◆ Dataset section:
━━━━━━━━━━━━━━━━━━━━

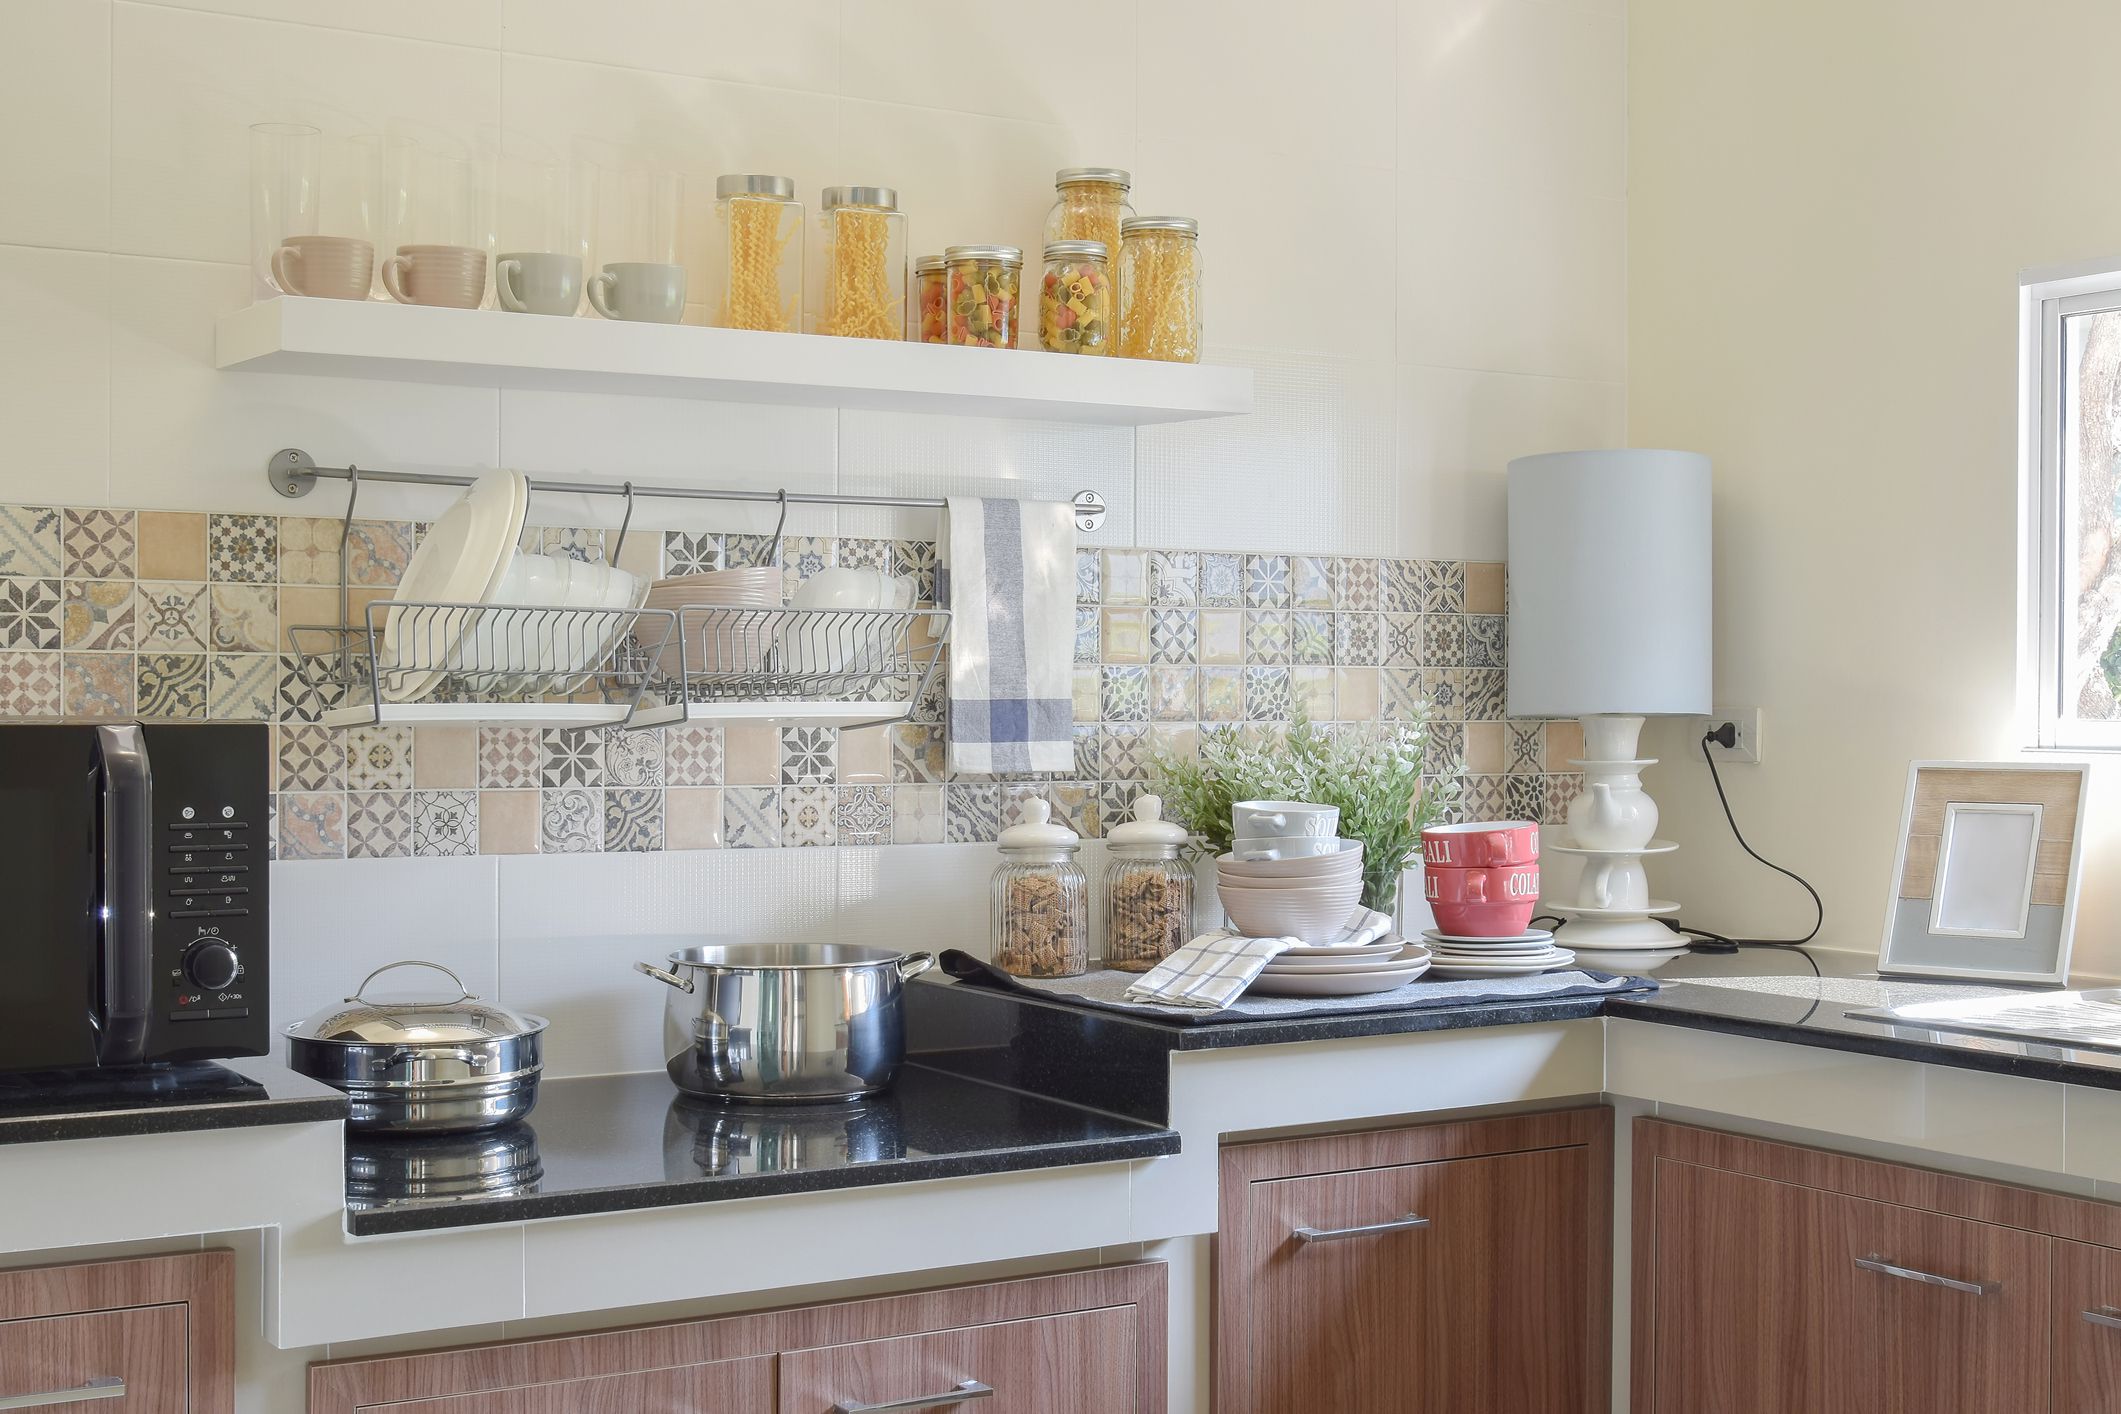 9 DIY Kitchen Backsplash Ideas
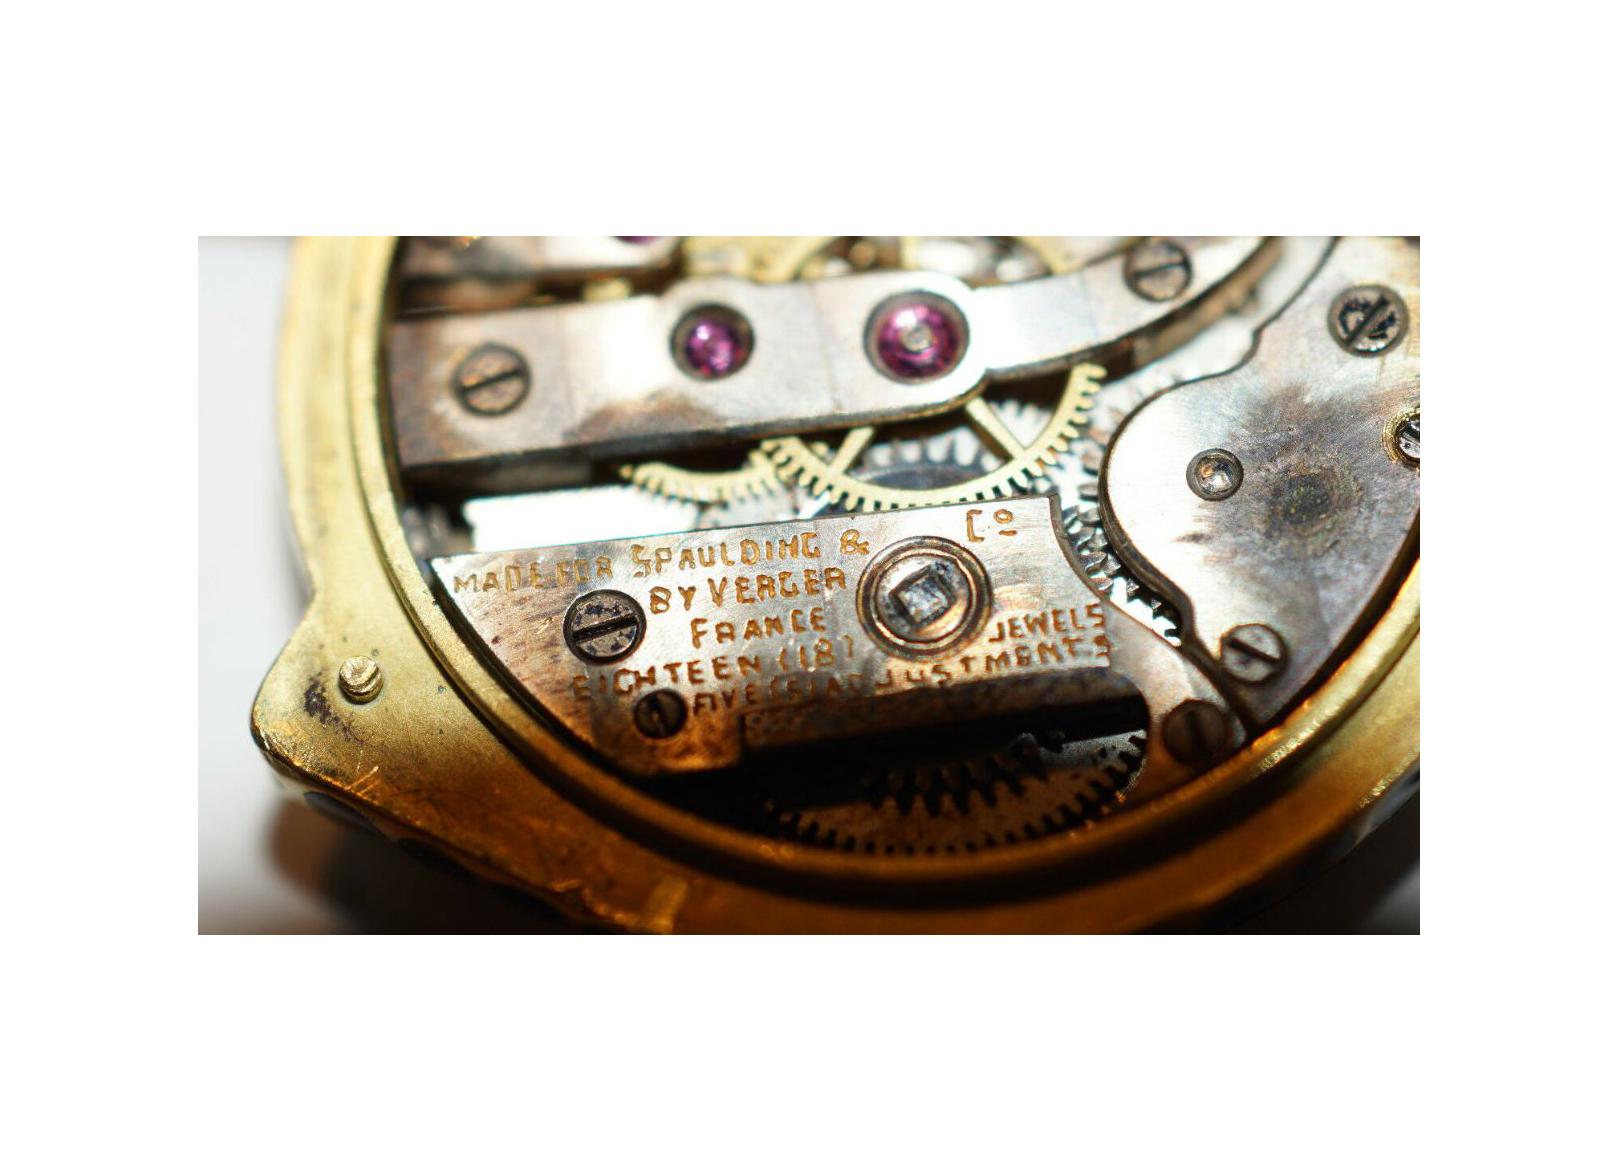 Verger Freres 1901 Spaulding & Co Edwardian Watch-Pendant Guilloche 18Kt Diamond For Sale 2
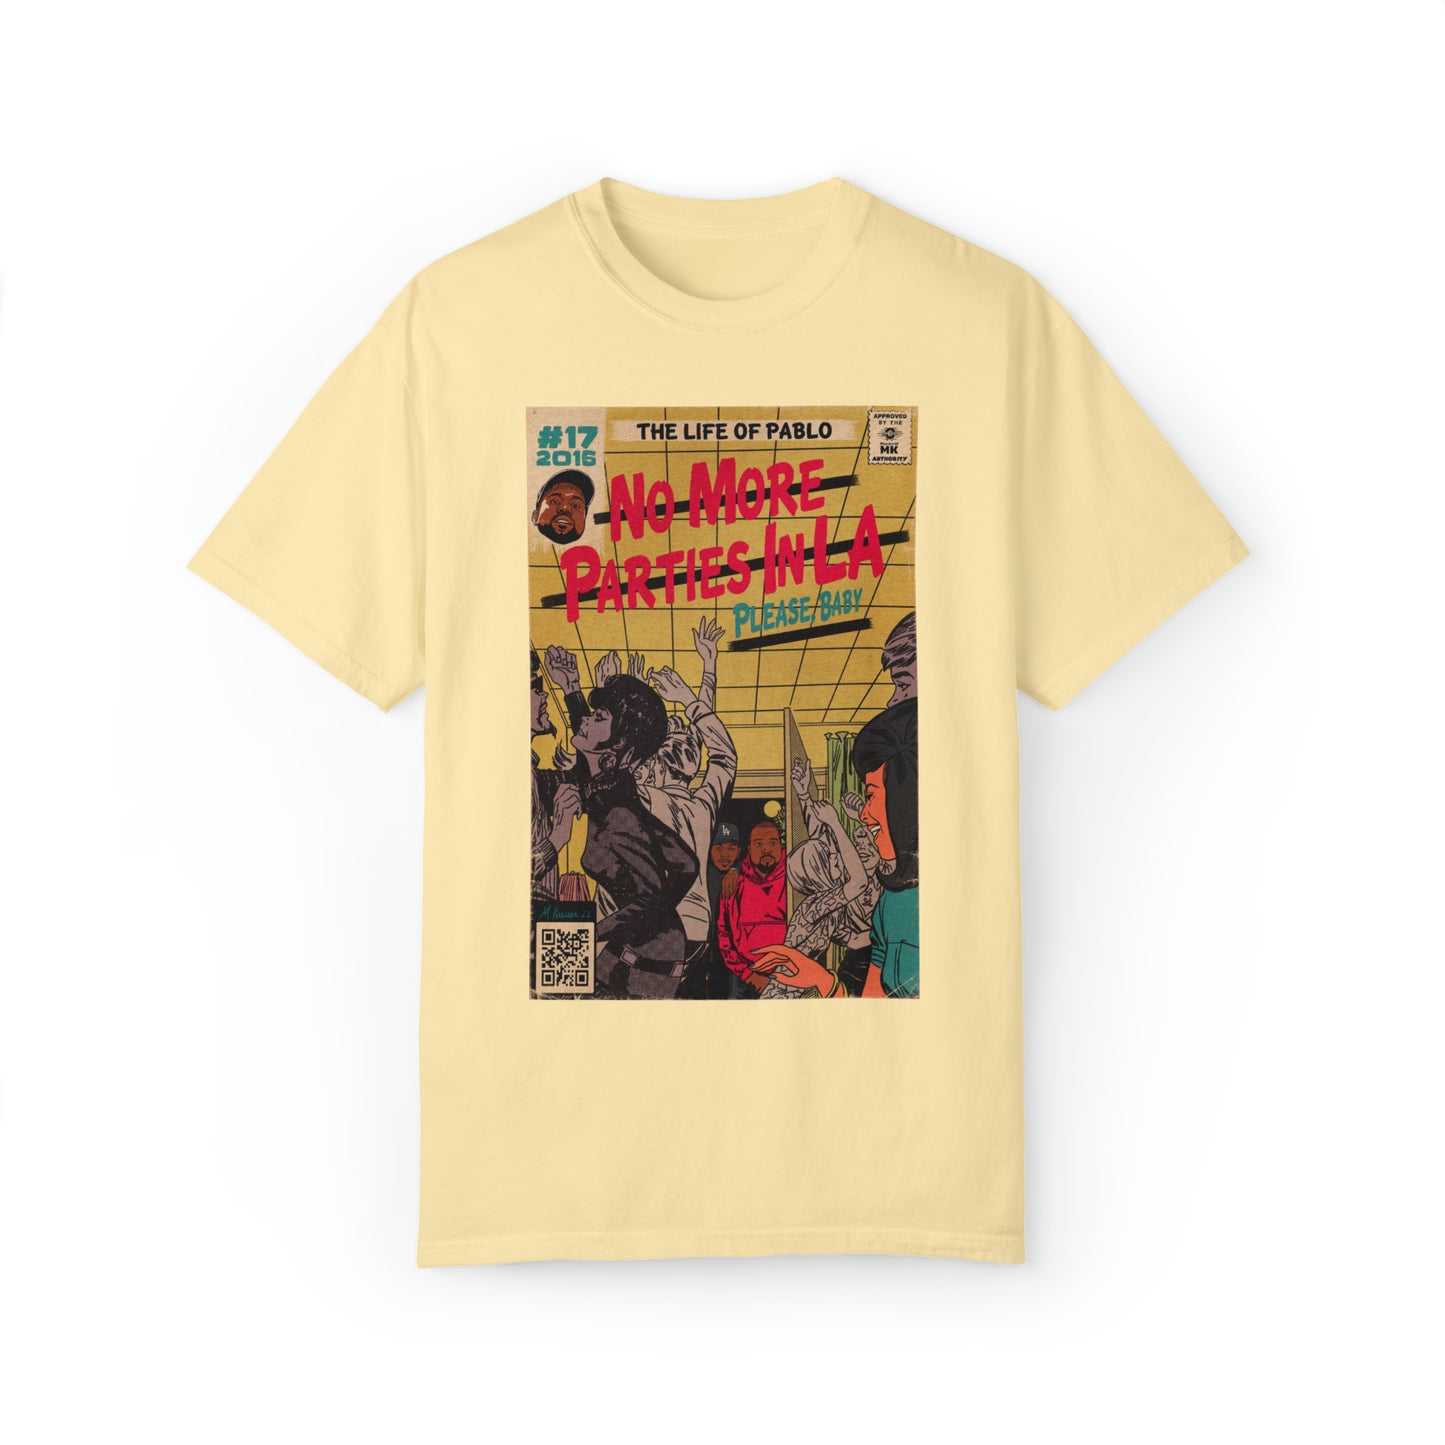 Kanye West & Kendrick Lamar - No More Parties in LA - Unisex Comfort Colors T-shirt
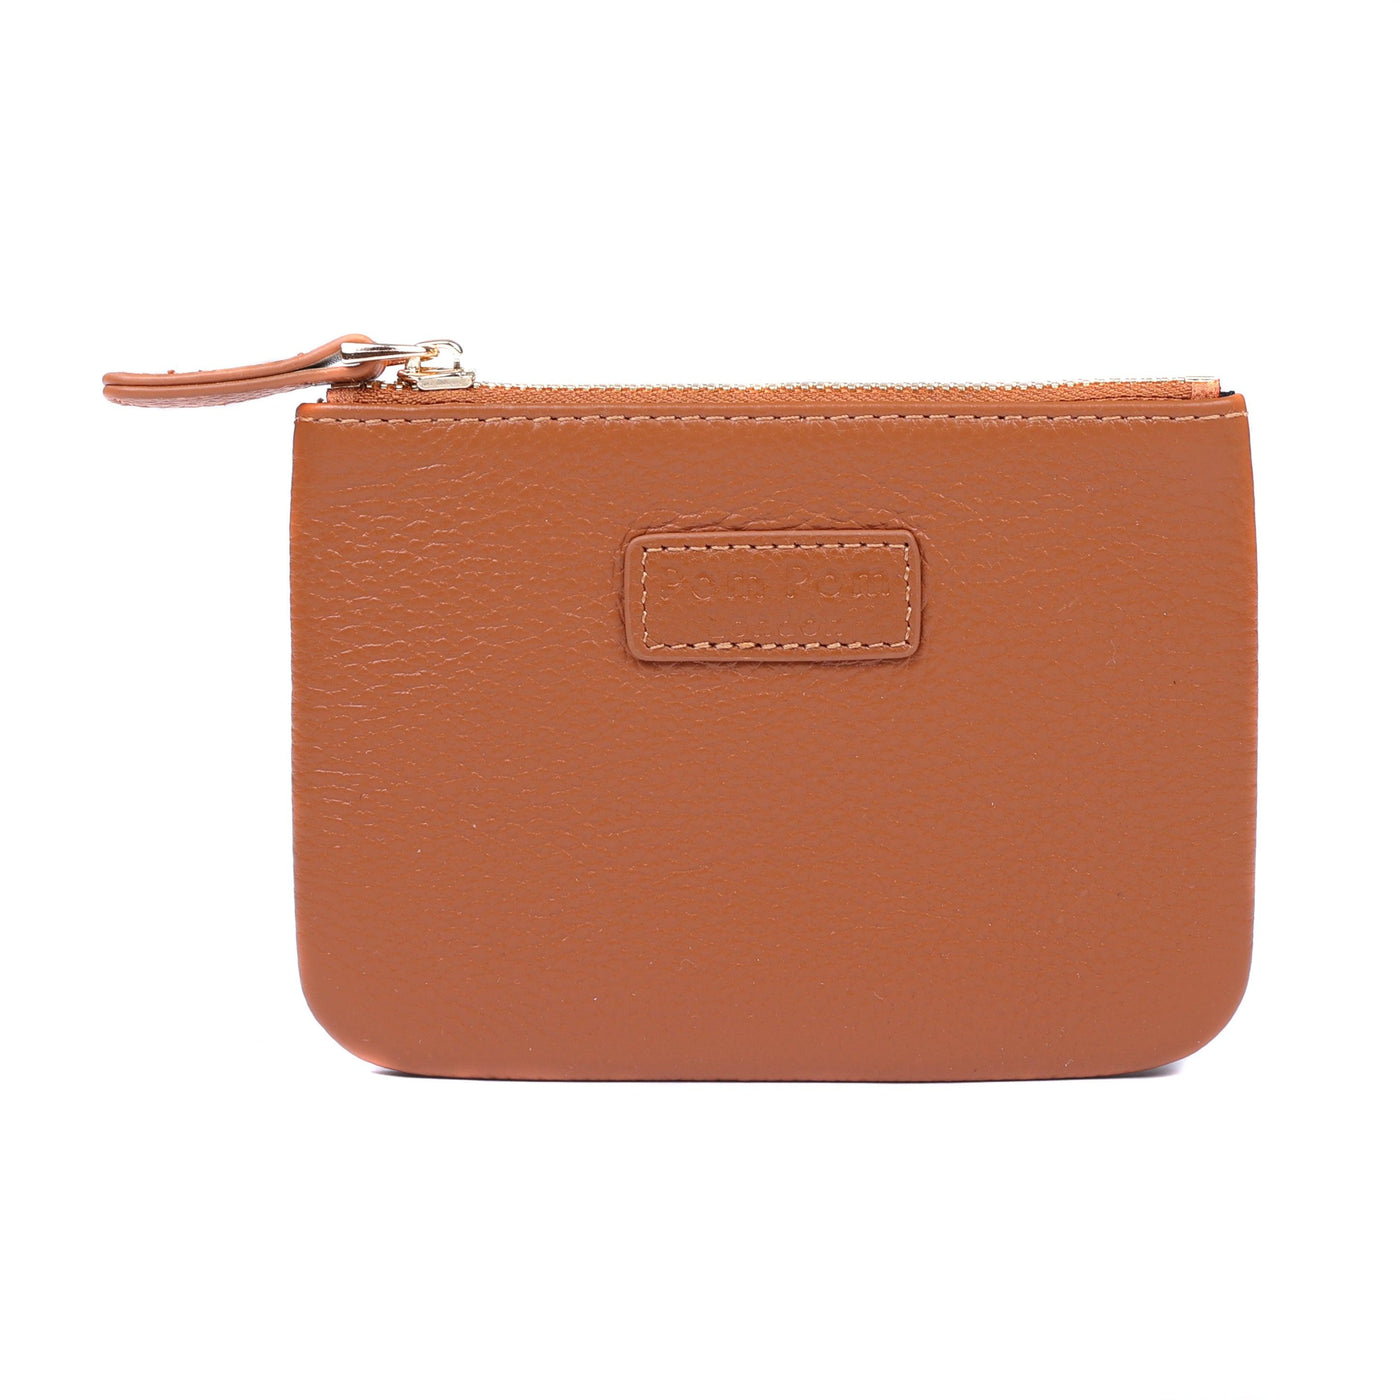 Dune London Light Brown Leather Coin Purse Bag Card holder Key Holder | eBay

━━━━━━━━━━━━━━━━━━━━

◆ Problem to work on:
Restate the full listing verbatim and drop every picture.

◆ Task result:
 9 DIY Kitchen Backsplash Ideas
 Verger Freres 1901 Spaulding & Co Edwardian Watch-Pendant Guilloche 18Kt Diamond For Sale 2
 Kanye West & Kendrick Lamar - No More Parties in LA - Unisex Comfort Colors T-shirt
 Dune London Light Brown Leather Coin Purse Bag Card holder Key Holder | eBay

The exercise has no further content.